Stephen Putnam Parks

Stephen, the son of William and Jane Ann Parks, residing at 172 Lumber street, Arbor Hill, Albany, was born October 26, 1848. At the breaking out of the war, when only thirteen years of age, he enlisted in the Twenty-fifth Regiment for three months as a drummer boy, and was stationed at Arlington Heights, Fort Albany.

On the 31st of March, 1864, he again enlisted as a drummer in the Forty-third Regiment N. Y. S. V. He joined the regiment at Brandy Station, Va., and was assigned to Company K. While in the service, he was in the following battles: The Wilderness, Va., May 5 and 6, 1864, and Spottsylvania Court House; Fort Stevens, Washington, D. C, July 12, and Winchester, September 19. Capt. Wm. L. Thomson, who had command of Company K during that time, writes of him as a good soldier, always doing his duty. After the above, he was in the battles of Cedar Creek, Coal Harbor, and the battles before Petersburg and Richmond.

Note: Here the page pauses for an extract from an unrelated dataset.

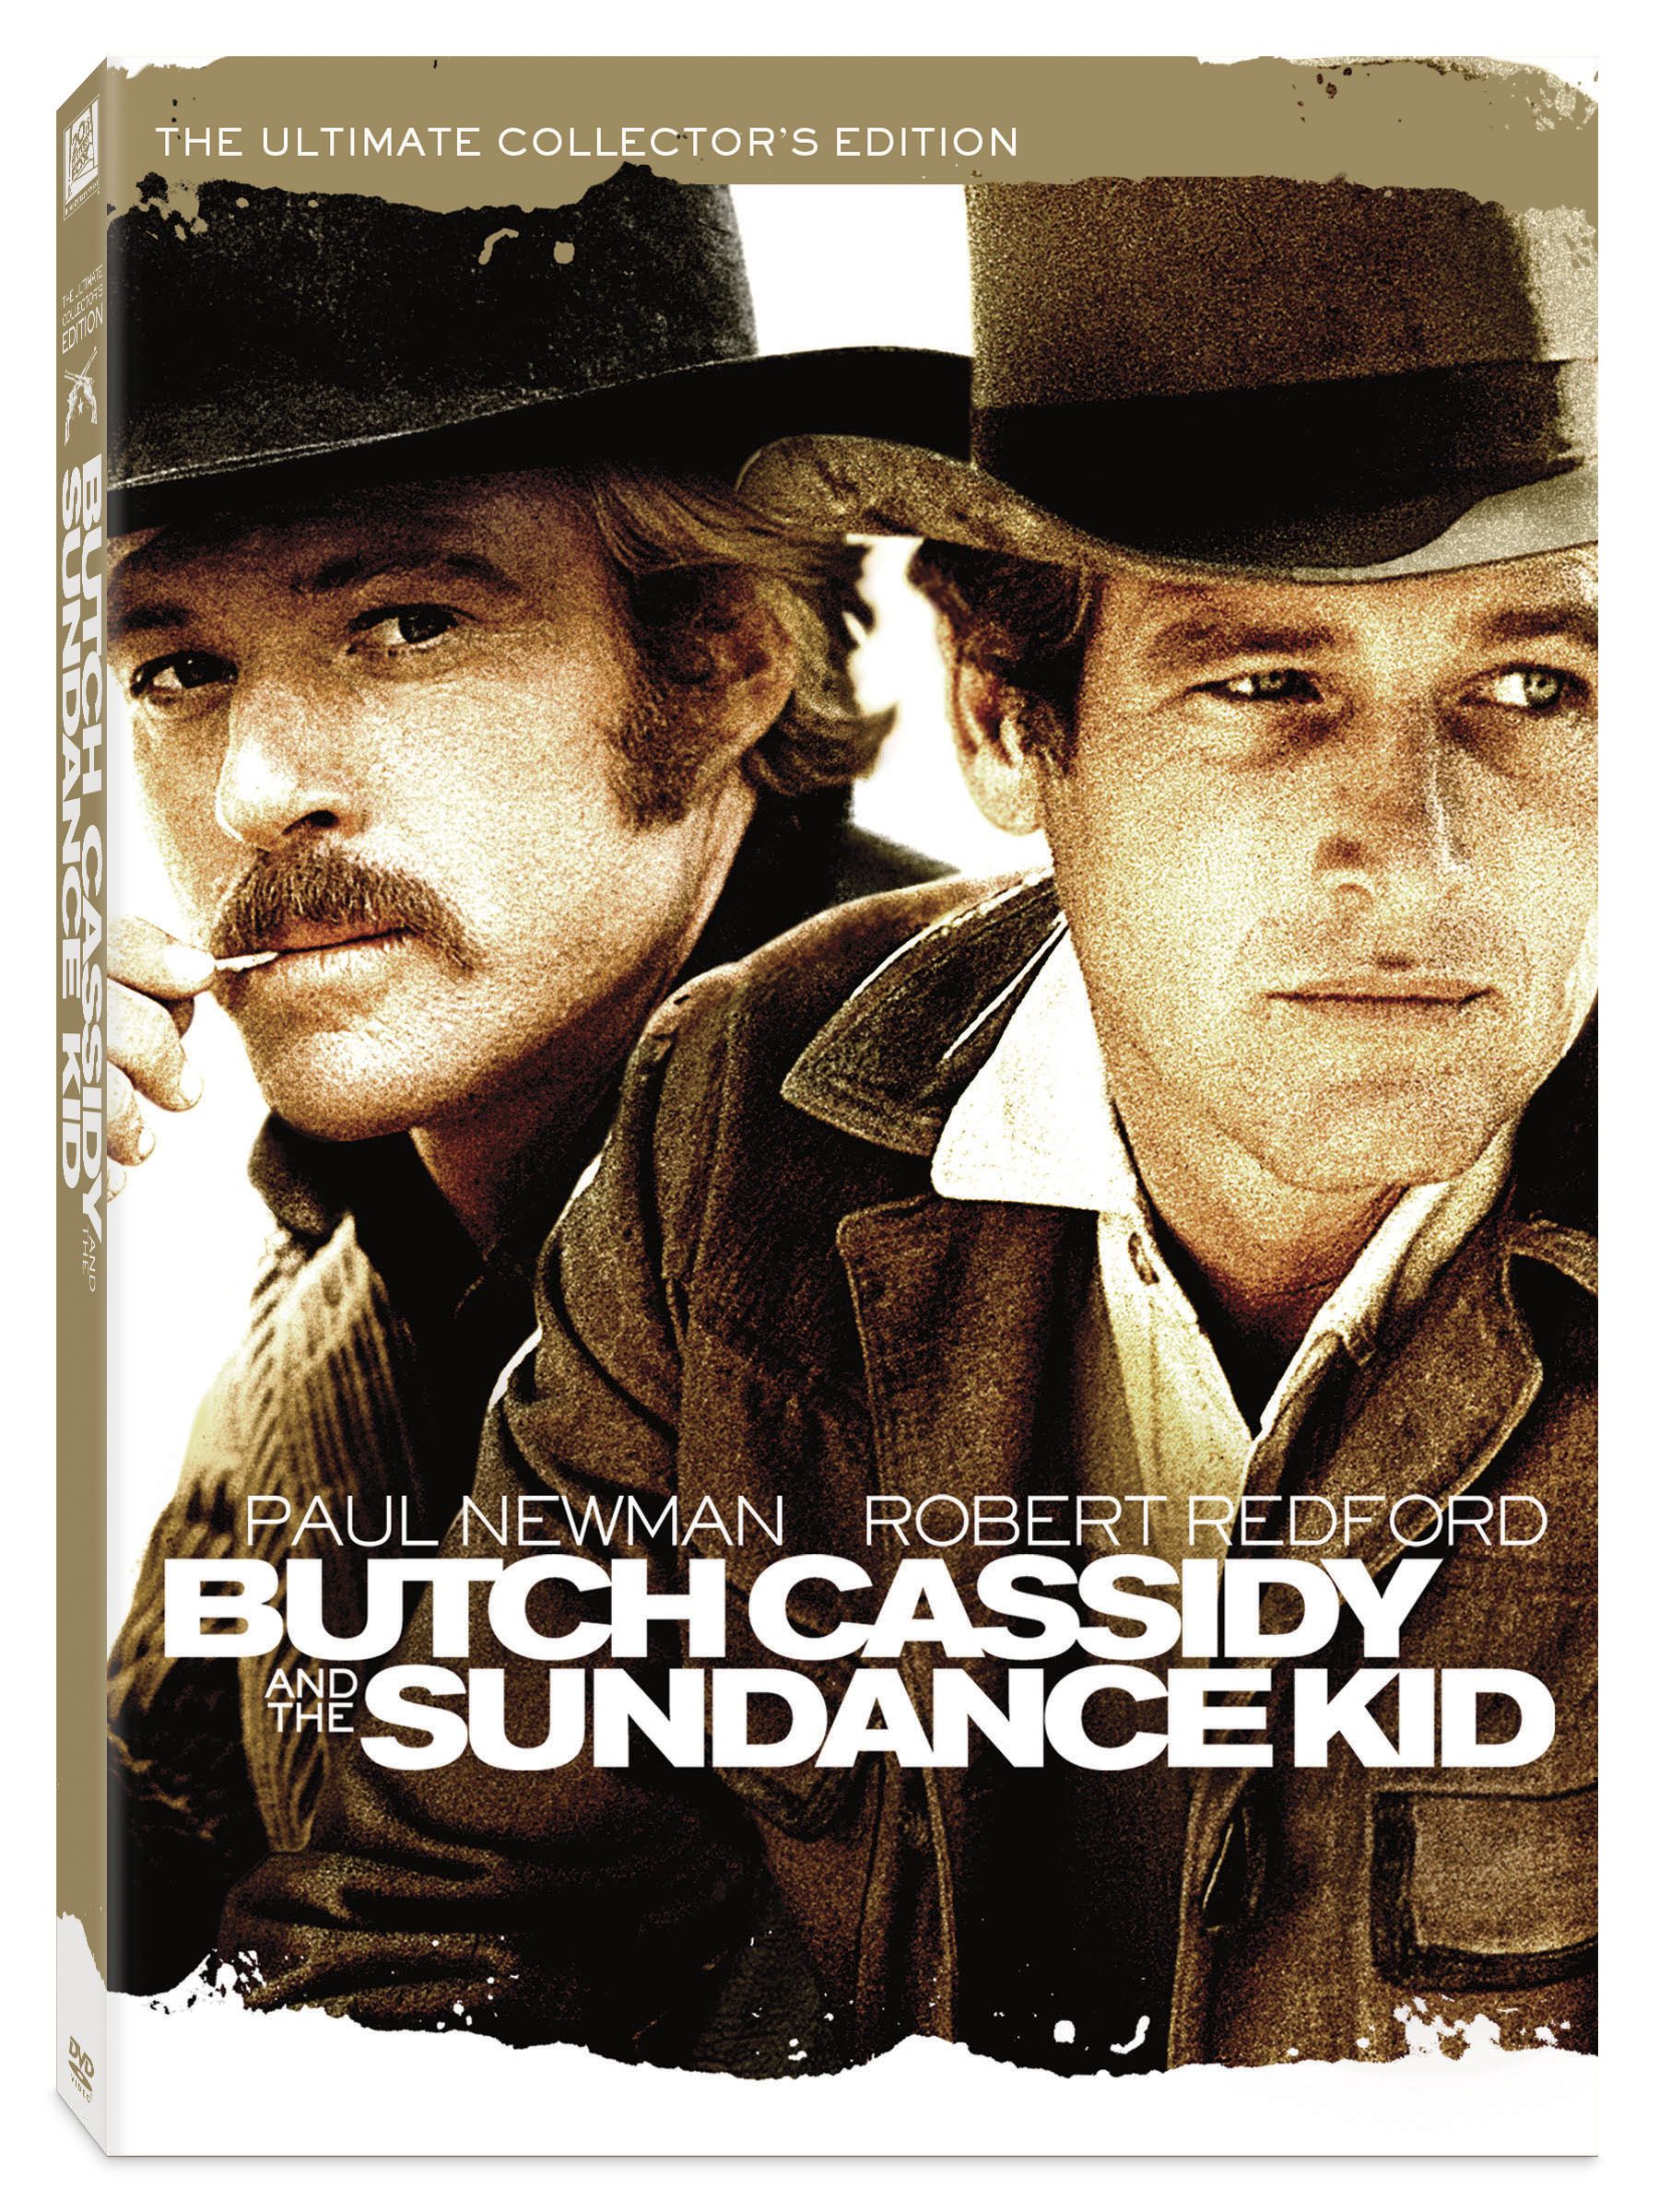 486x755px Butch Cassidy And The Sundance Kid 98.73 KB

On the 1st day of April, 1865, he was reported missing, since which time nothing has been heard of him.

He was a member of the Arbor Hill Methodist E. Church. He became connected with the church and school under the Rev. Mr. Stratton's ministry, in the fall of 1860. He experienced religion at that time, and well do his friends remember how anxious he was about his soul. The night he went forward to the altar will never be forgotten by his mother. On arriving at home, he threw his arms around his mother's neck and said: "Ma, I have been up to the altar this evening to be prayed for; did I do wrong?" His mother told him no; that he was young yet, and that he would have to meet his companions, and that they would make fun of him. "Well, ma, I will pray God to help me through with it." About this time a young men's prayer meeting was started on Sunday afternoons, before preaching, which has been kept up until the present time. He never missed a meeting.

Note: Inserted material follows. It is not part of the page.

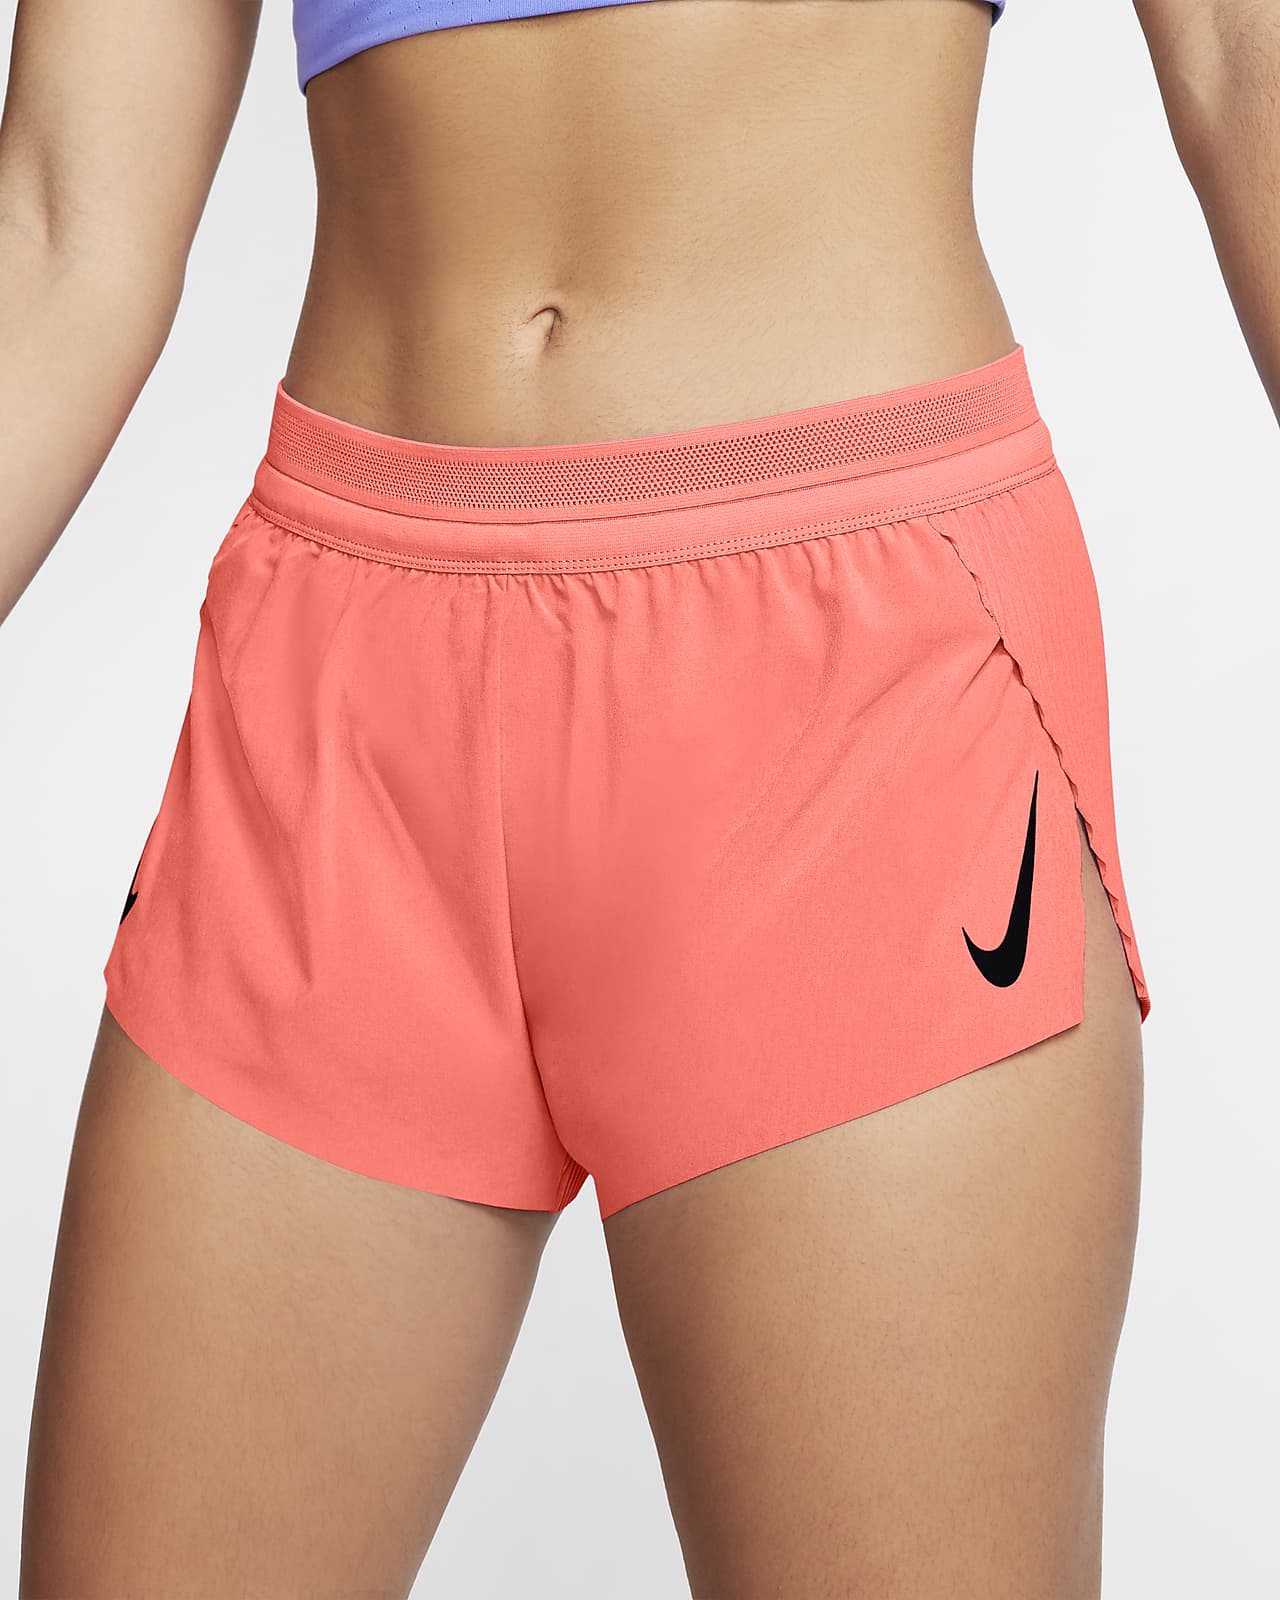 nike running shorts for women on sale

When he left the school to go with the regiment, a copy of the New Testament was presented to him by his teacher, which he took with him to the front, and kept it as his companion. The last letter he wrote was before Petersburg, when he expressed a desire to come home. He wanted to see his mother. He asked his mother to pray for him, and requested her to ask the school to remember him. He was a member of the evening class, of which his mother was the leader, and he gave promise of being a very useful man in the church and to society. Though very young, he seemed always to be governed by a strong desire to do right in all things, and to discharge faithfully his duty in whatever position he was placed.

The motive that prompted him to go into the army was a desire to serve his country, and not from any mere feeling of adventure or excitement. His loss was deeply felt by his parents, and mourned by his many friends, to whom he had endeared himself by his uniform kindness. He was kind, affectionate; and all who knew him loved him.